Avec le rachat du studio Bungie, PlayStation amorce sa stratégie de diversification en mettant un pas certain et durable dans l’univers du multijoueur et des Games As A Service. Analyse des avantages et inconvénients d’y aller pour le constructeur japonais.
Un rachat suprenant ? Pas vraiment
Alors, loin de nous l’idée de dire que nous avions prévu que Bungie tombe dans la poche de PlayStation. Et à juste titre, à bien des égards, ce rachat reste une nouvelle retentissante. Tout d’abord, de part l’histoire du studio qui a fait les beaux jours du concurrent historique. Mais aussi, de part la hype toute relative qui entoure le studio ou son portefeuille de licences plutôt restreint, surtout si on le compare à Insomniac, par exemple.
Mais, si nous avons tous été surpris par l’annonce, c’est parce que nous l’avons observée avec les mauvaises lunettes. Et si on se met à considérer ce rachat comme l’occasion rêvée pour PlayStation de pivoter stratégiquement, alors cette nouvelle acquisition relève d’une logique implacable. Et surtout, une logique déjà annoncée il y a quelques années par Shawn Layden, l’ancien manitou de PlayStation.
En effet, si on se met à fouiller les internets, on peut retrouver cette ancienne interview de Layden donnée à Business Insider où l’ancien boss de PlayStation donnait la direction stratégique pour la PS5. Une stratégie où le multi aurait toute sa place :
« Nos Worldwide Studios se sont beaucoup concentrés sur les jeux à portée narrative avec des grosses expériences solo spectaculaires. Mais pas beaucoup de mulitjoueur. C’est un domaine où vous allez certainement nous voir faire plus de bruit pour la nouvelle génération. »
Shawn Laden – Business Insider (2019).
On peut le dire sans trop trembler que le rachat de Bungie résulte d’une stratégie mûrement réfléchie, portée par les équipes de Shawn Layden et concrétisée par celles de Jim Ryan. Concrétisation qui a d’ailleurs sûrement été précipitée par les agissements de Microsoft, soit dit en passant.
Solo & Gaas : la formule complémentaire ?
Un rapprochement PlayStation/Bungie ne coule pas de source, tant ces deux entités parlent à une catégorie de joueurs bien distinctes. Le constructeur est réputé pour ses aventures solo, dont le fameux A-RPG qui a fait le bonheur des joueurs et des comptables de Sony sur la génération précédente. D’un autre côté, nous avons Bungie, qui est certes connu pour le solo de Halo mais surtout pour ses campagnes multi et bien sûr pour Destiny.

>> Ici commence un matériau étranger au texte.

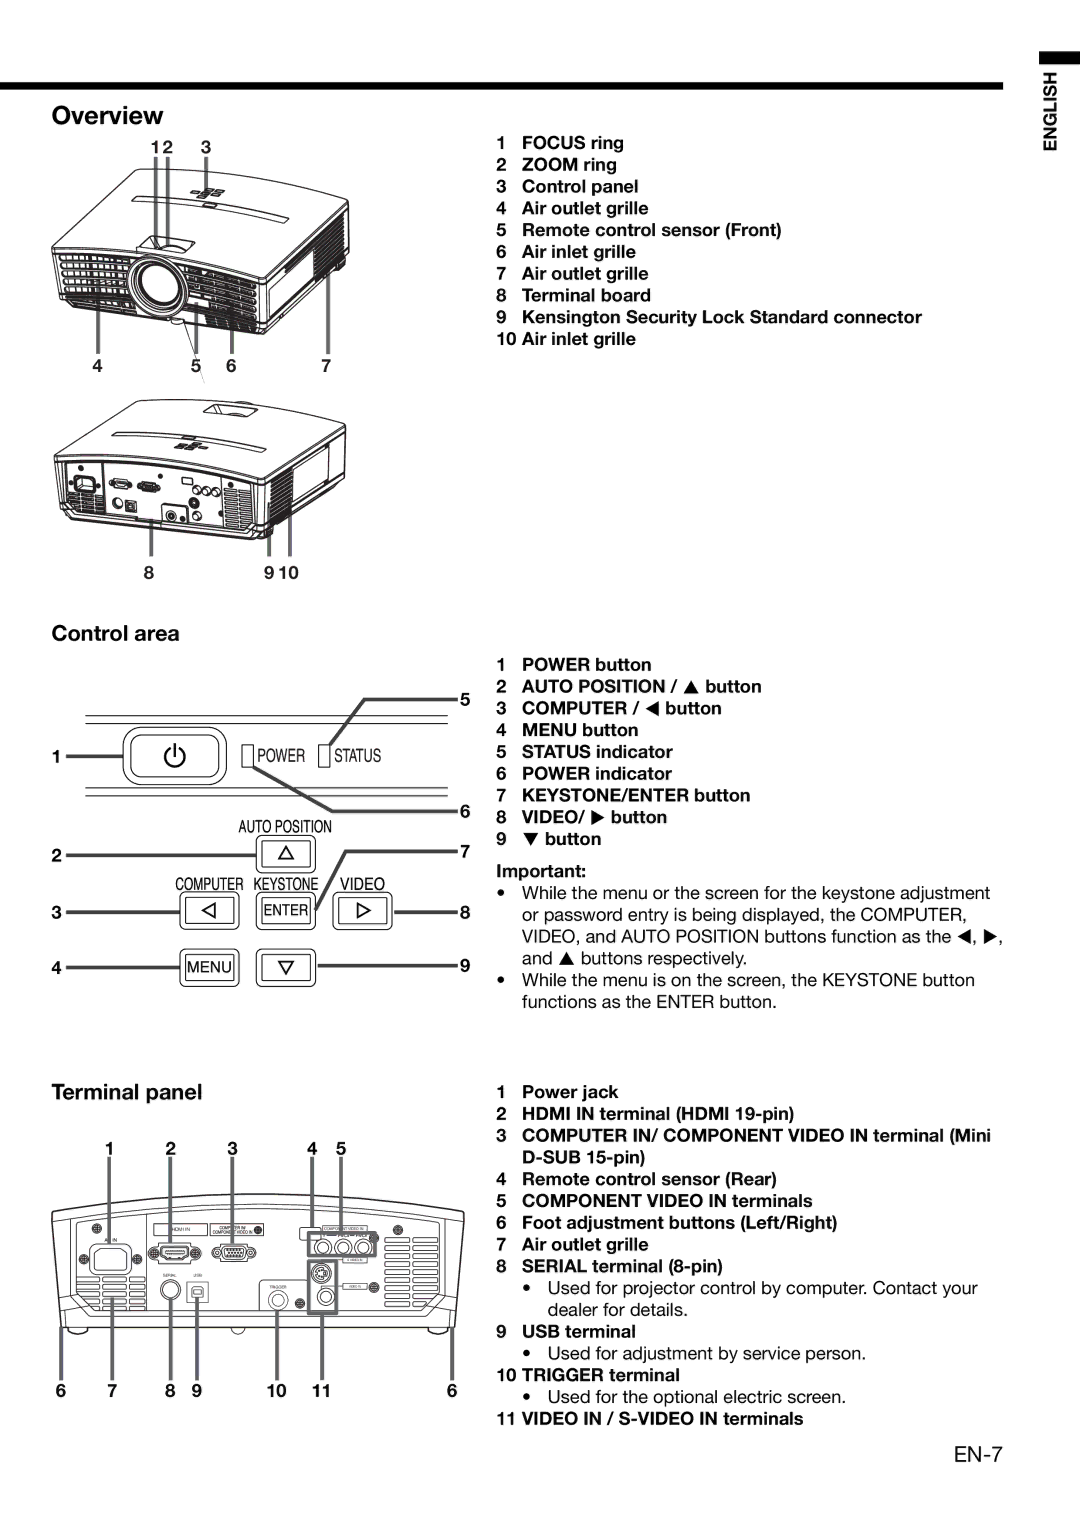 Mitsubishi Electronics HD4000 user manual Overview, Control area Terminal panel, EN-7

Dès lors, on peut parfaitement entendre l’inquiétude des fans de PlayStation qui pourraient craindre que la rentabilité des multis et autres Gaas viennent compromettre ce qui fait l’ADN de la firme japonaise.

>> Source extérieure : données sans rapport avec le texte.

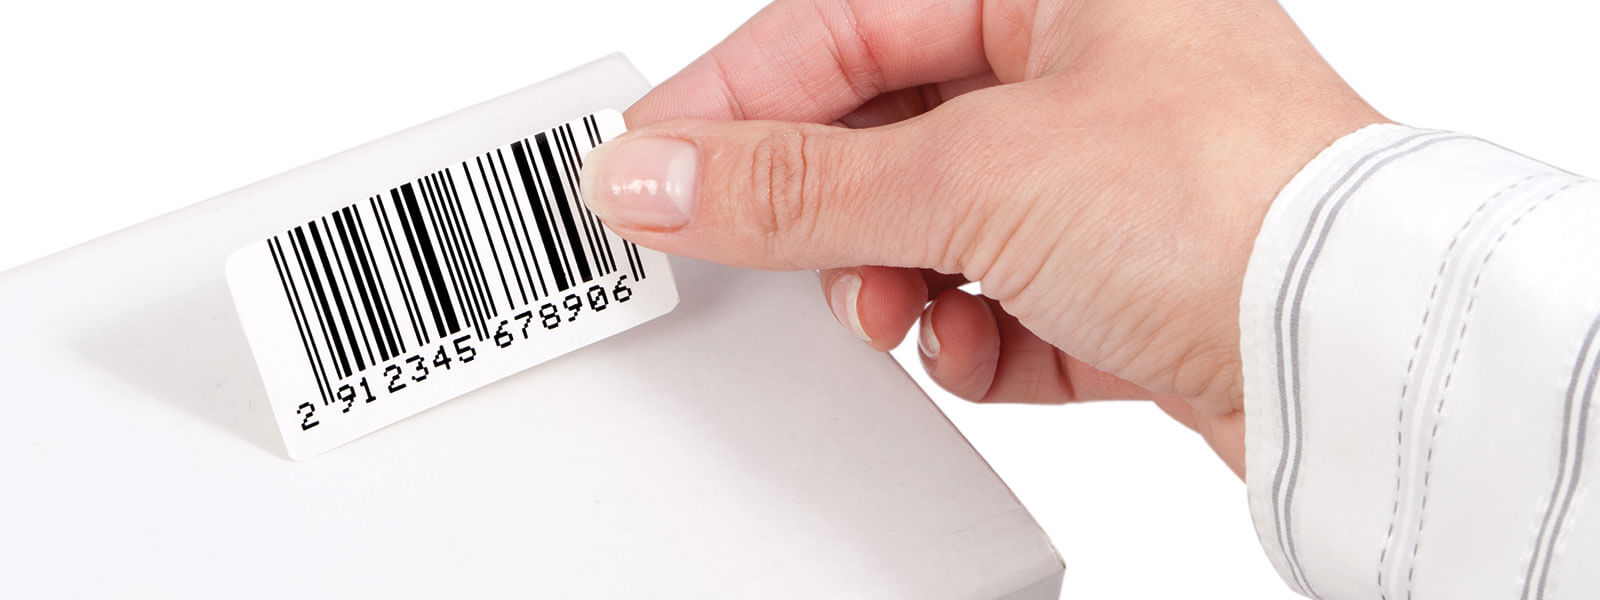 print short run barcode labels

Qu’on se le dise, cela n’arrivera pas. Et pour une raison simple : Sony a besoin de ses aventures solo qui sont le porte-étendard de la marque PlayStation mais aussi un produit d’appel pour acheter des consoles et s’abonner à un futur GamePass Like. En revanche, Sony ne peut laisser filer l’expérience multi et sa lucrativité à la concurrence. Surtout quand celle-ci a déjà une bonne avance dans le domaine.
L’avenir de PlayStation se dessine donc autour de deux grands axes : des solos exclus à la console pour augmenter sa base de fans, et les GAAS pour s’assurer une rentabilité sur le long terme.
Diversifier sa source de revenus
Miser sur les Gaas, c’est aussi une manière de lisser les risques d’un éventuel flop d’une production solo. Si jusqu’à présent, ce n’est jamais véritablement arrivé, l’expérience Days Gone et sa production houleuse et coûteuse a certainement secoué les esprits en haut lieu.
Les coûts de production des AAA explosent et le moindre petit grain de sable dans la machine peut amenuiser les ambitions d’un éditeur, le tout sanctionné par une perte financière importante. L’idée de PlayStation, c’est donc de mettre ses œufs dans différents paniers pour évidemment accroitre la rentabilité de l’entreprise, tout en limitant les risques d’un éventuel insuccès.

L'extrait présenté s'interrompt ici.